Another classic but too often neglected topic: the choice of passwords. Within the general question of securing a company's information system, and in particular access to storage tools for this or that category of personal data, the question of the choice of password is permanent and has already been the subject of many procedures and decisions. Even if the evolving security techniques tend to replace passwords by other identification keys, these are often still not in compliance with the principles set by the regulatory authority.

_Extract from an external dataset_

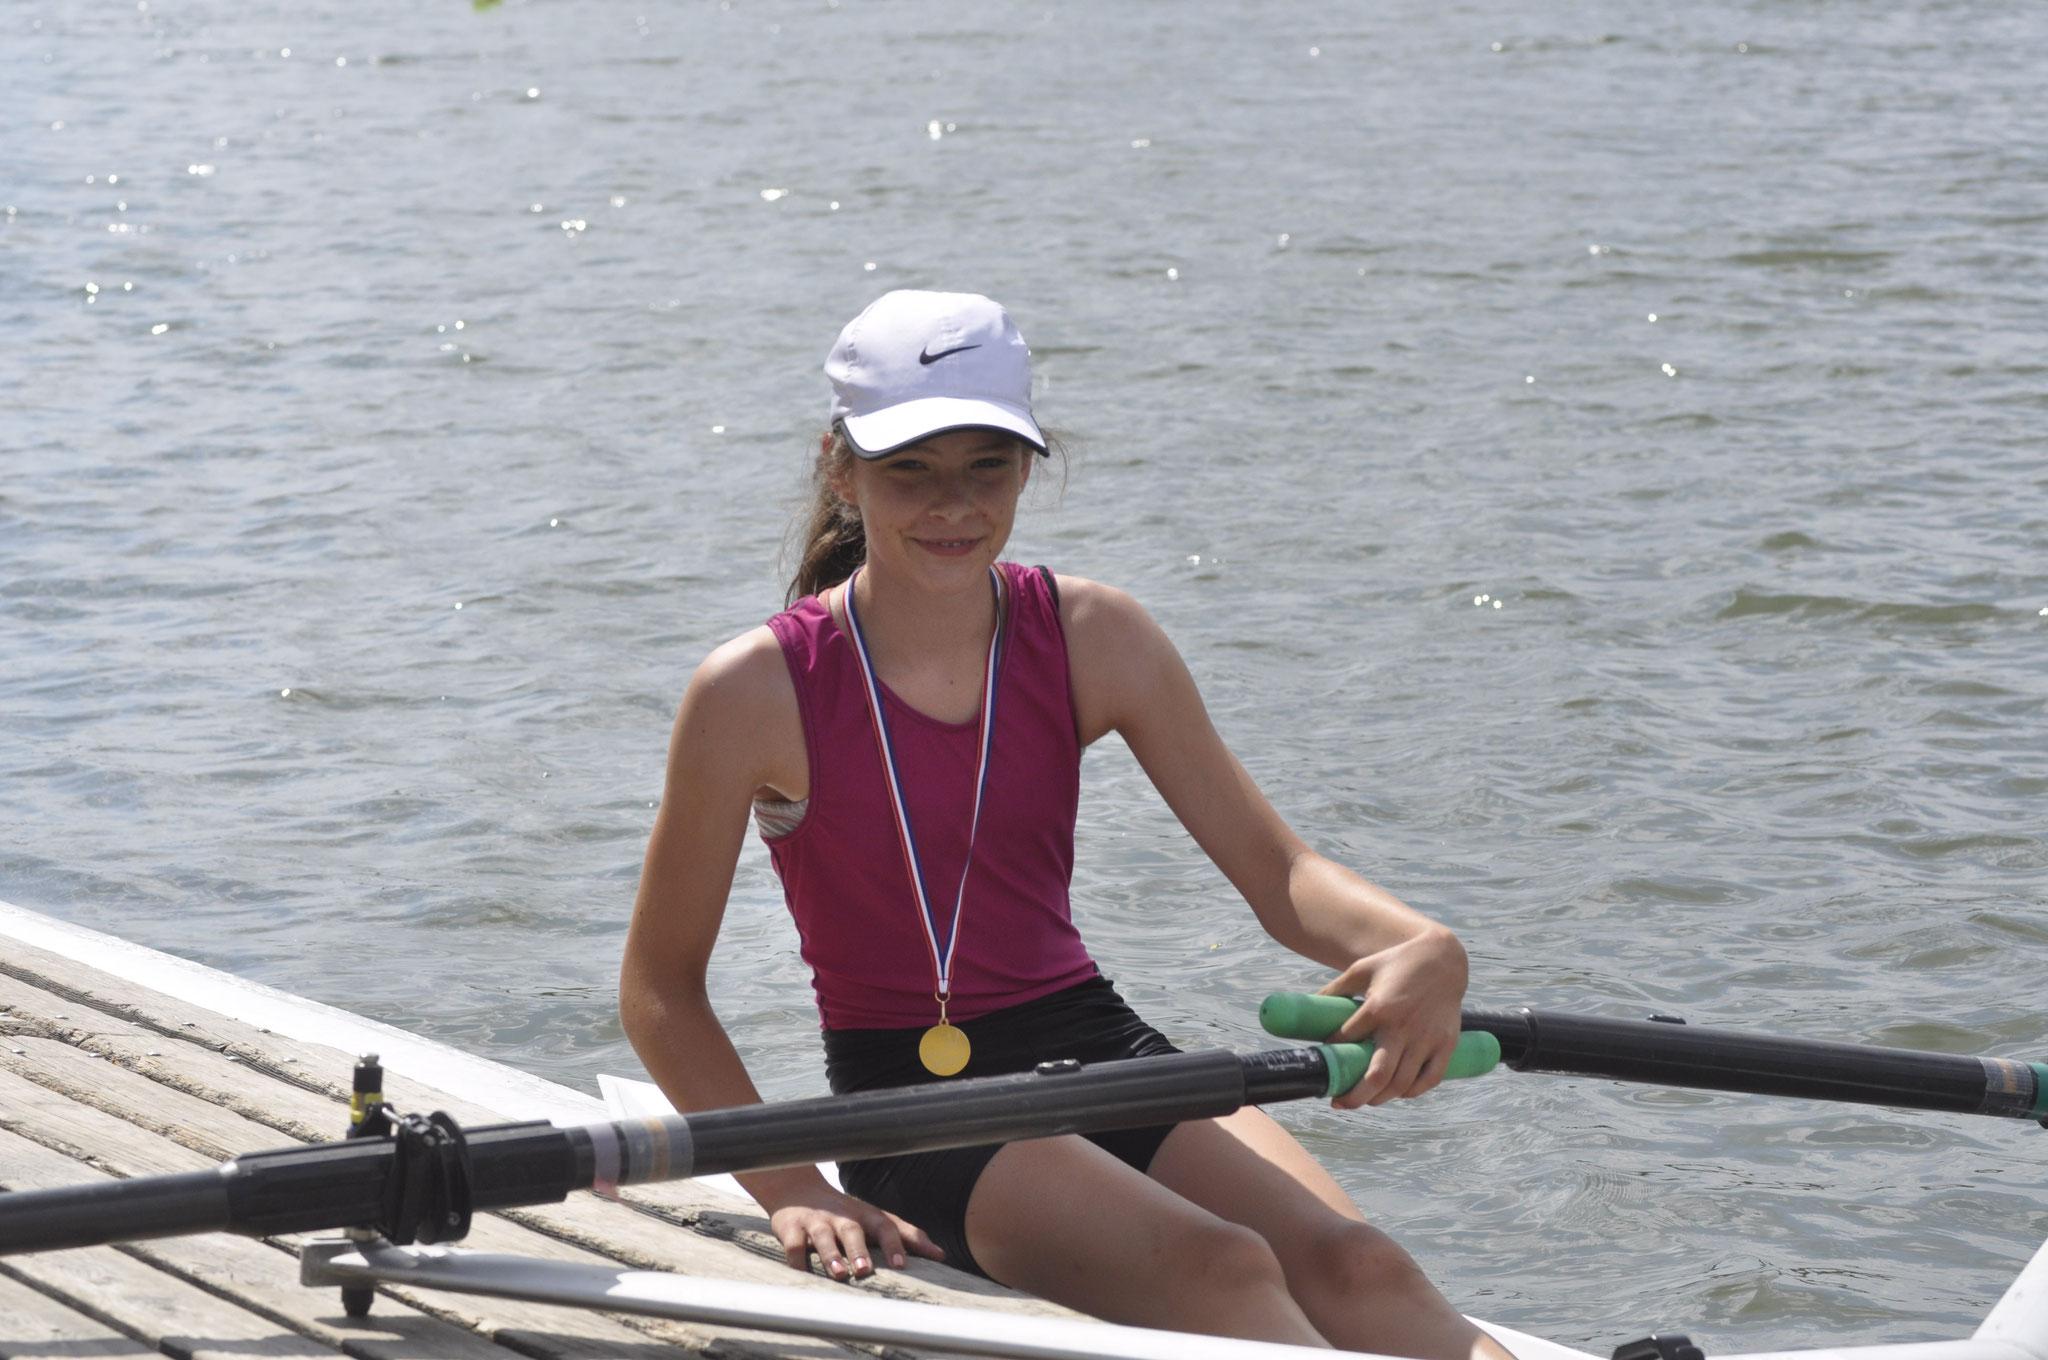 Antonia Herpich qualifiziert sich für die Deutsche Schülermeisterschaft Ende Juni in München
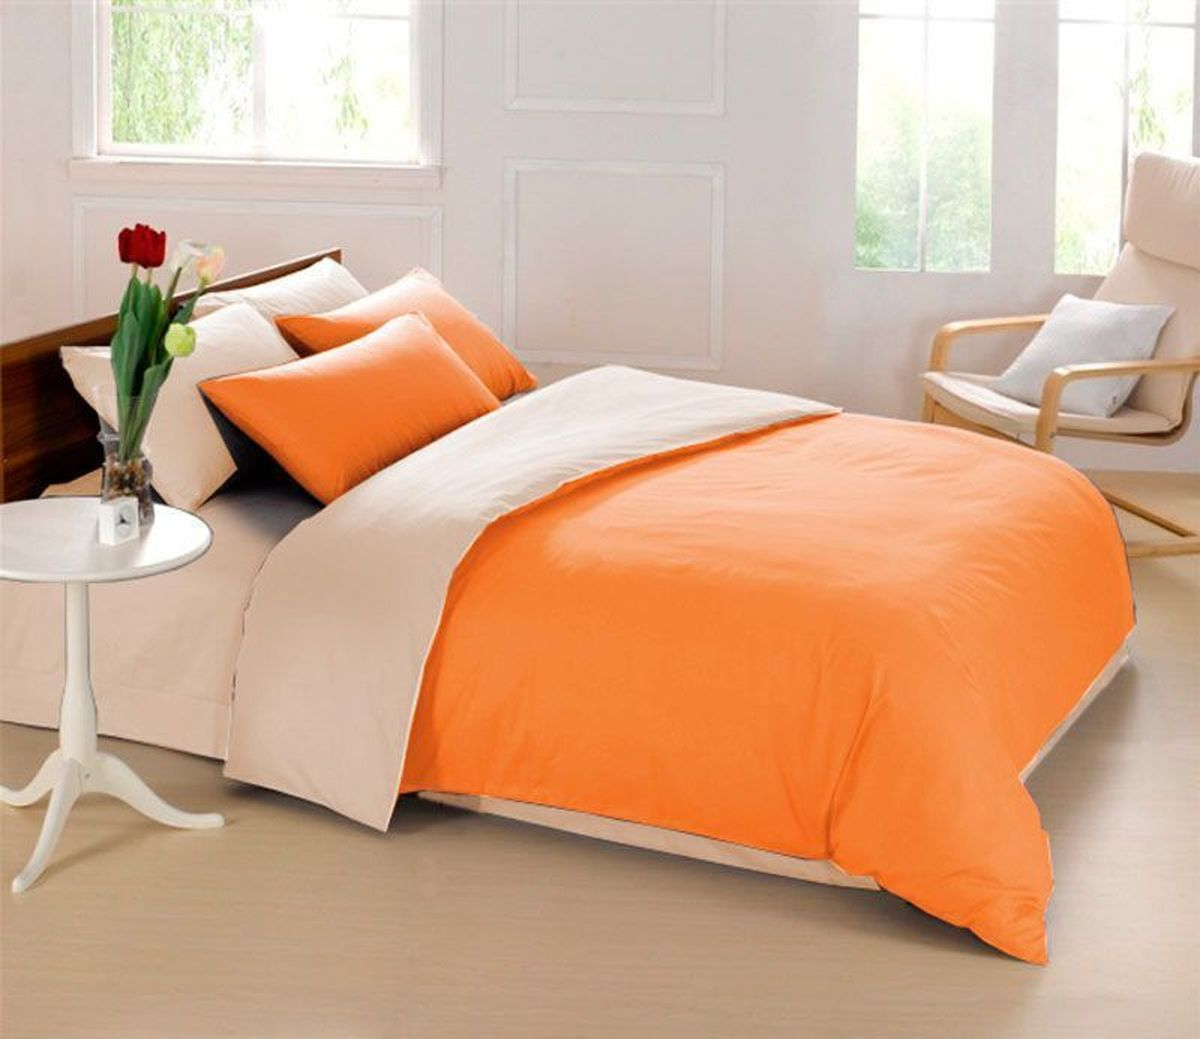 Комплект белья Sleep iX Perfection, семейный, наволочки 50х70, 70х70,цвет: оранжевый, бежевый4630003364517Комплект постельного белья Sleep iX Perfection состоит из двух пододеяльников, простыни и четырех наволочек. Предметы комплекта выполнены из абсолютно гипоаллергенной микрофибры, неприхотливой в уходе.Благодаря такому комплекту постельного белья вы сможете создать атмосферу уюта и комфорта в вашей спальне.Известно, что цвет напрямую воздействует на психологическое и физическое состояние человека. Оранжевый – вызывает ощущение теплоты, бодрости, веселья, создает хорошее настроение. Оранжевый омолаживает, возбуждает аппетит, способствует оптимистическому настрою и гармонии с окружающей средой.Бежевый – обладает внутренней теплотой, заряжает положительной энергетикой и способствует формированию душевной гармонии. Человек ощущает себя в окружении бежевого цвета очень спокойно.

In this case, the CNIL found that the password for accessing the Accor database managing marketing mailings to customers and prospects was not strong enough. It should be remembered that the CNIL's guidelines require a password made up of 8 to 12 characters, comprising three or four of the following: a number, a capital letter, a letter and a special character. This is not the policy in most companies, which risk being denied certain compensation or insurance in the case of theft or hacking of their information systems.

 

All of the breaches observed at ACCOR concerned a considerable number of people, extended to several countries and affected fundamental principles of the GDPR that were supposedly well known, especially by international groups. Consequently, the CNIL, despite some corrections made by the group during the procedure, pronounced a high fine, after having been pushed by the EDPS (the European super-CNIL, in charge of coordinating the procedures of national authorities) to reinforce a first penalty deemed insufficient.

 

It should be noted that, a few weeks earlier, on June 23, the CNIL fined TotalEnergies one million euros, also for similar breaches related to a marketing policy that did not comply with the principles of the GDPR and the applicable French regulation.. In that case, TotalEnergies did however correct some of the breaches found, resulting in a "relatively" moderate penalty given the financial capabilities of the French international group.